*INSTRUCTIONS FOR THE TASK:* Leaving out all pictures, write down exactly the lines from the one containing "Прожектор REXANT 20" through the last line of the material.

-- GIVEN DATA follows --

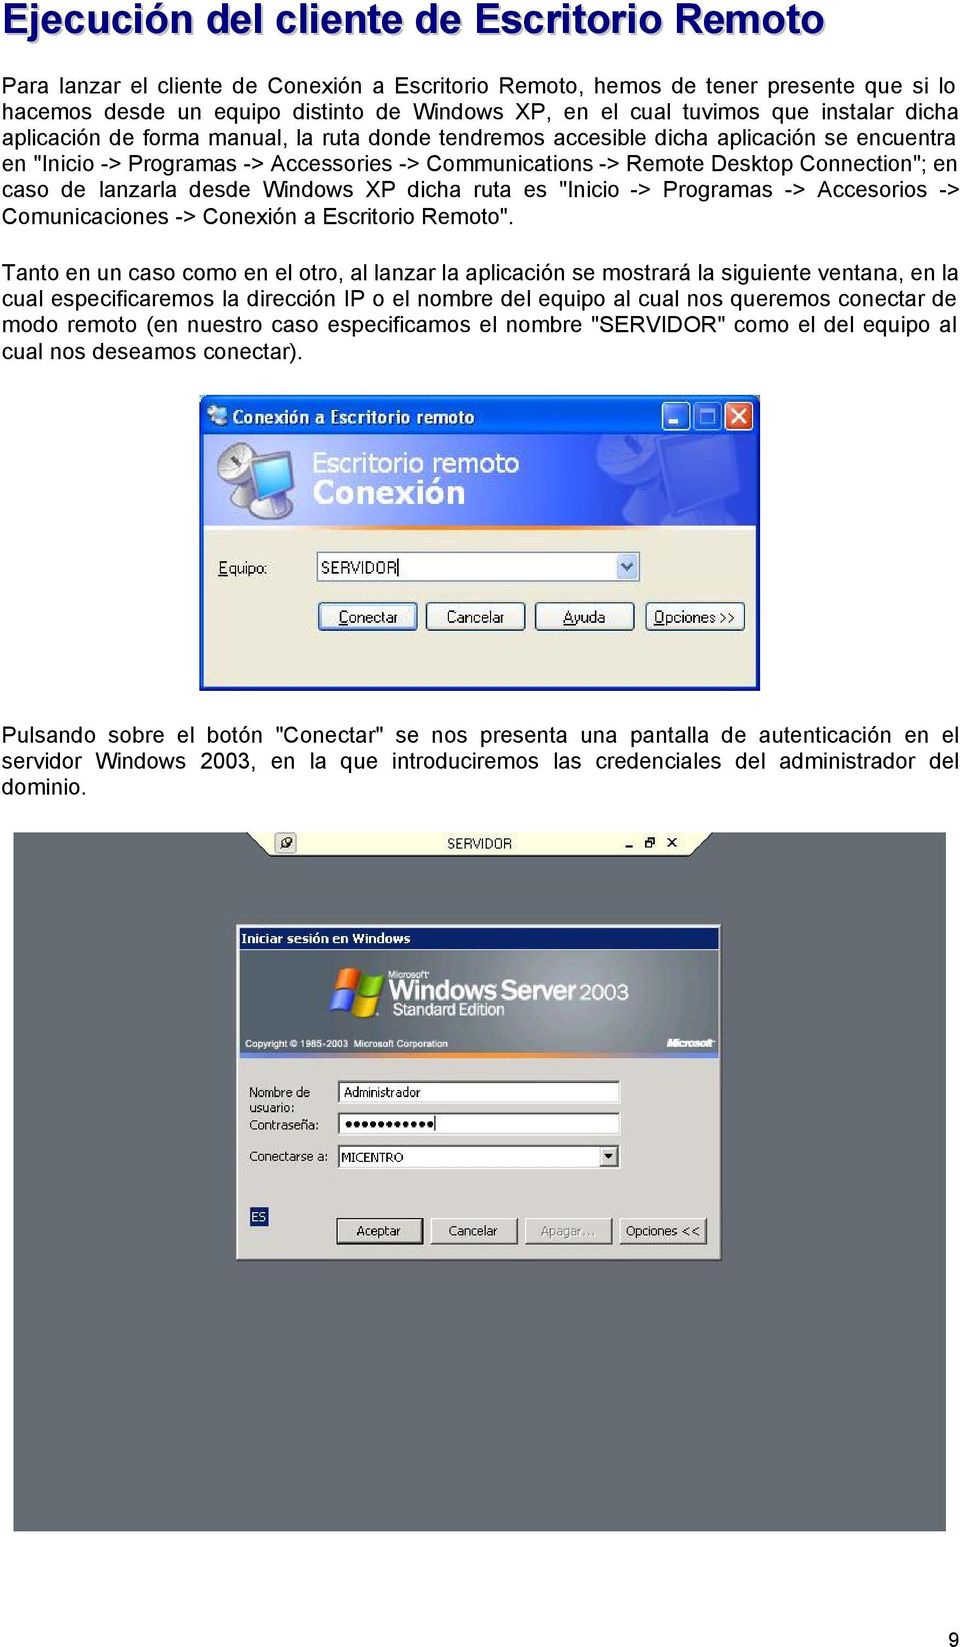 en caso de lanzarla desde Windows XP dicha ruta es "Inicio -> Programas -> Accesorios -> Comunicaciones -> Conexión a Escritorio Remoto".
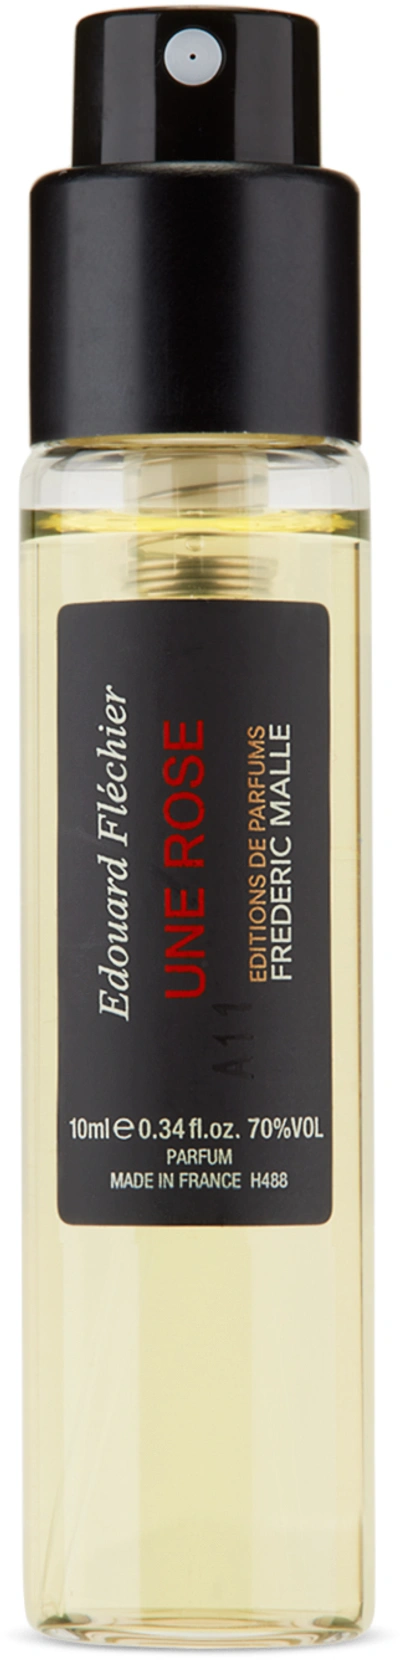 Frederic Malle Une Rose Eau De Parfum, 10 ml In Na
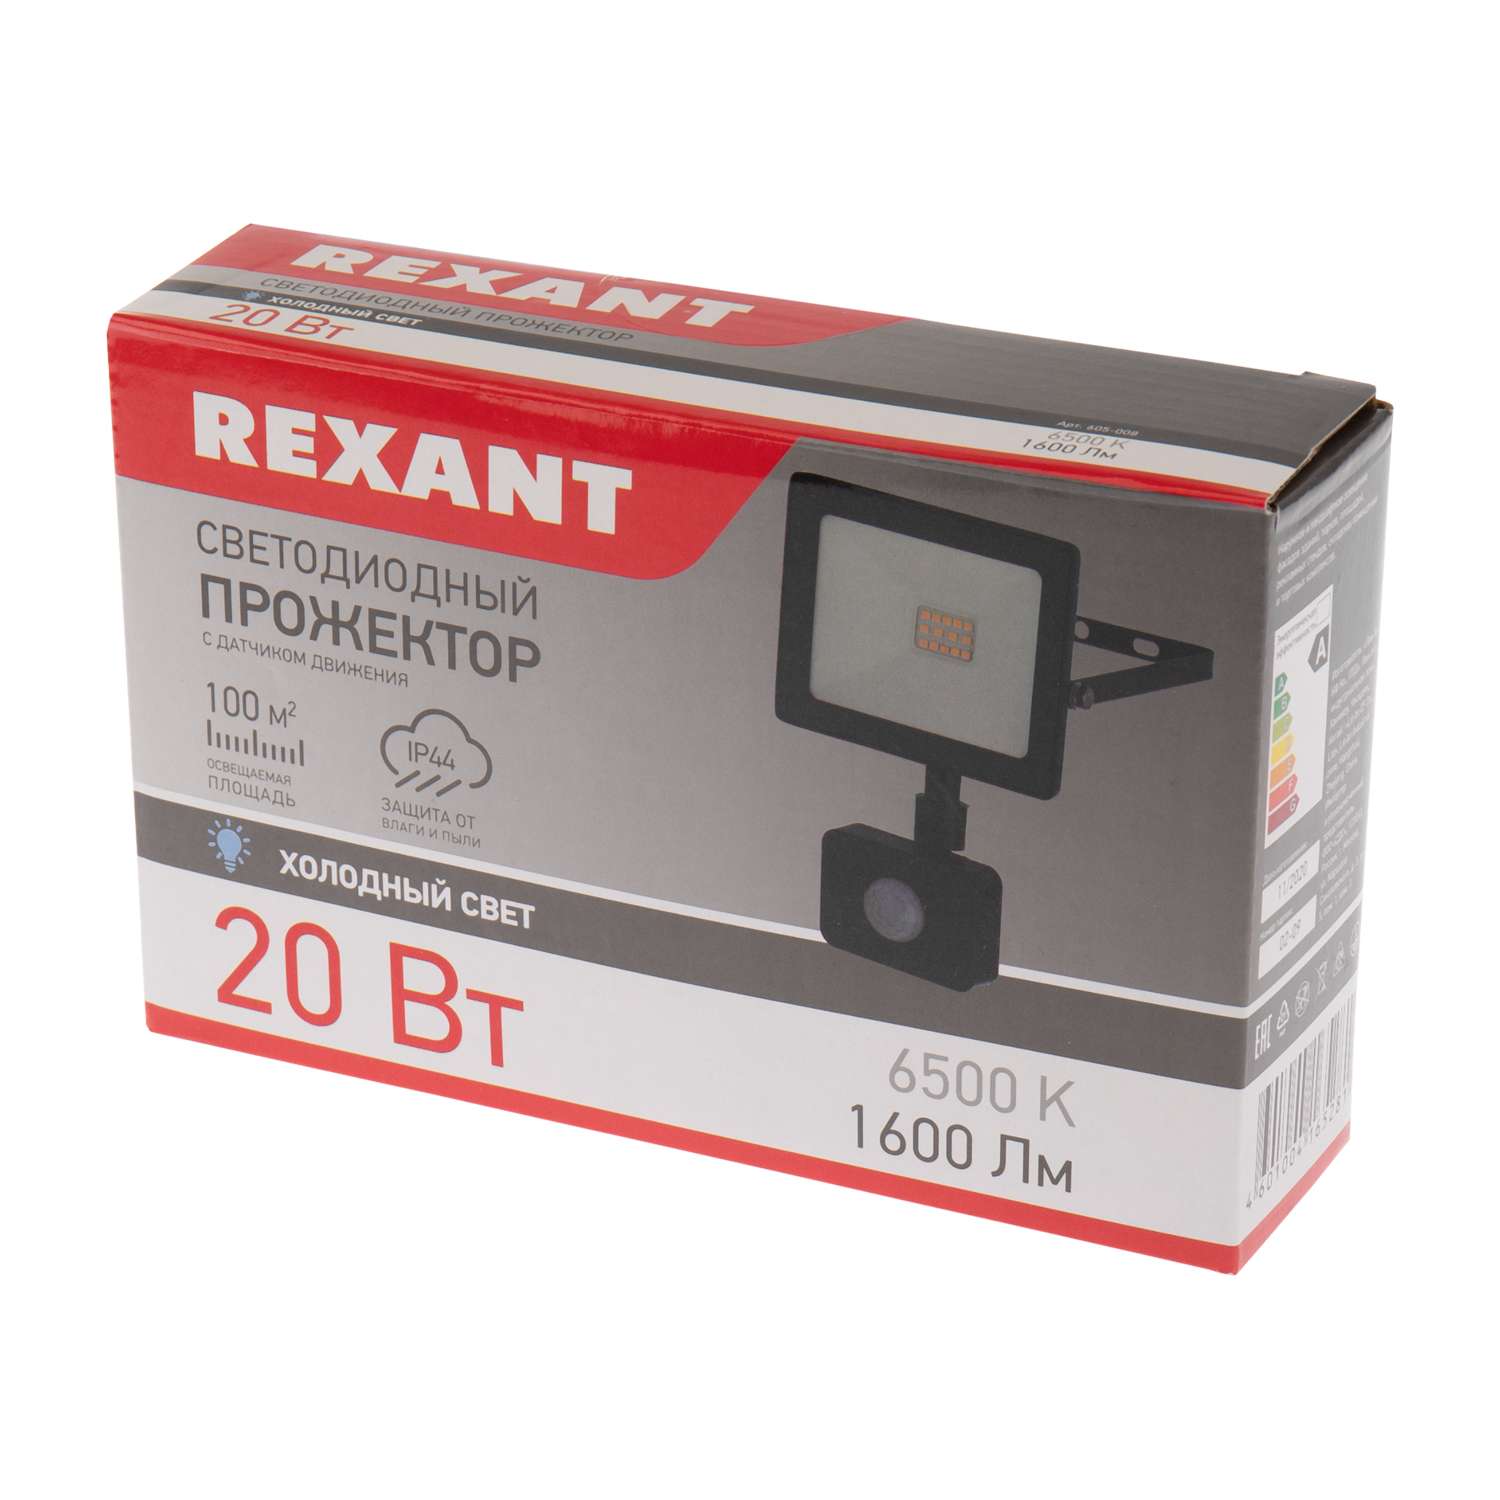 Прожектор REXANT 20 Вт светодиодный 1600Лм 6500К холодный свет с датчиком движения - фото 4
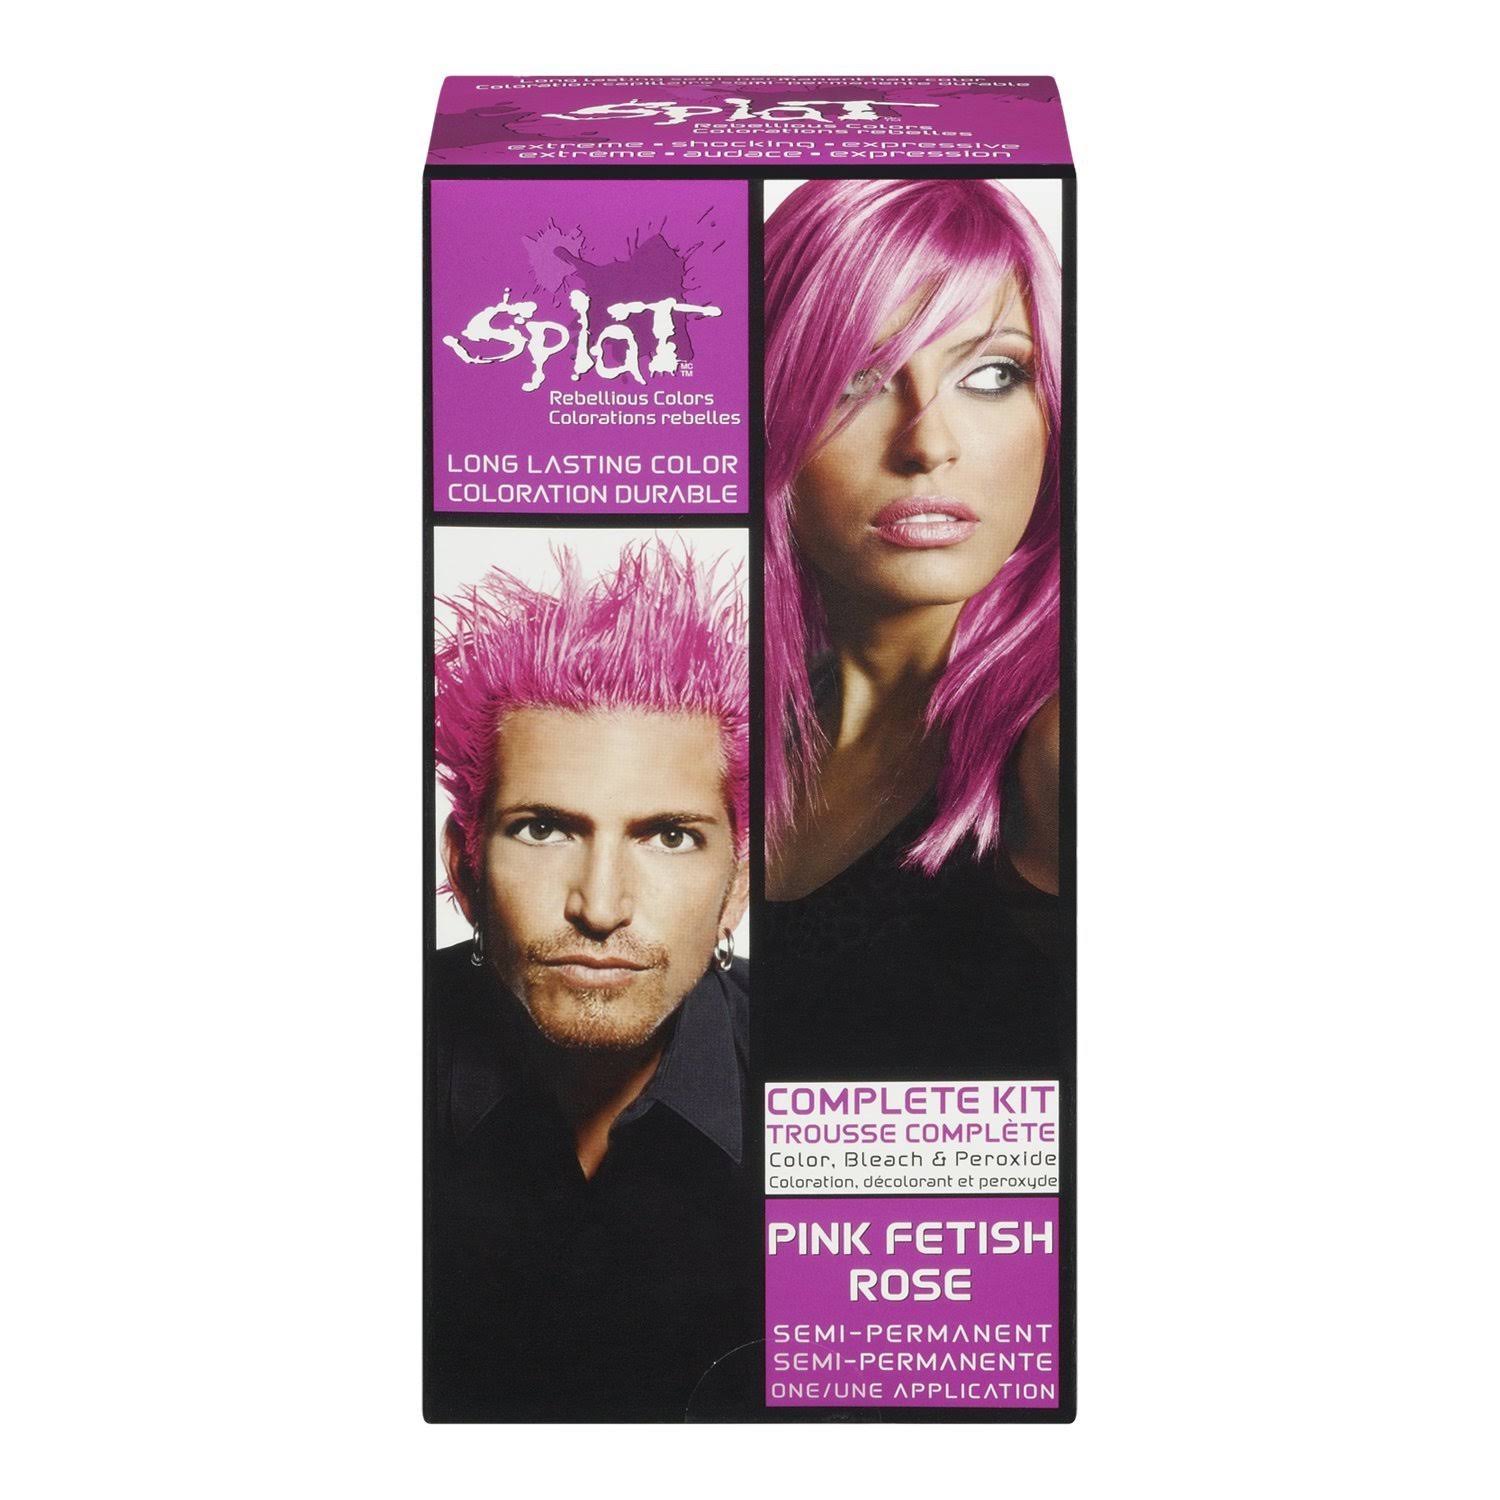 Splat Complete Hair Color Kit - Pink Fetish

-- GIVEN DATA concluded --

*SOLUTION FOR THIS EXERCISE:*
 Прожектор REXANT 20 Вт светодиодный 1600Лм 6500К холодный свет с датчиком движения - фото 4
 Splat Complete Hair Color Kit - Pink Fetish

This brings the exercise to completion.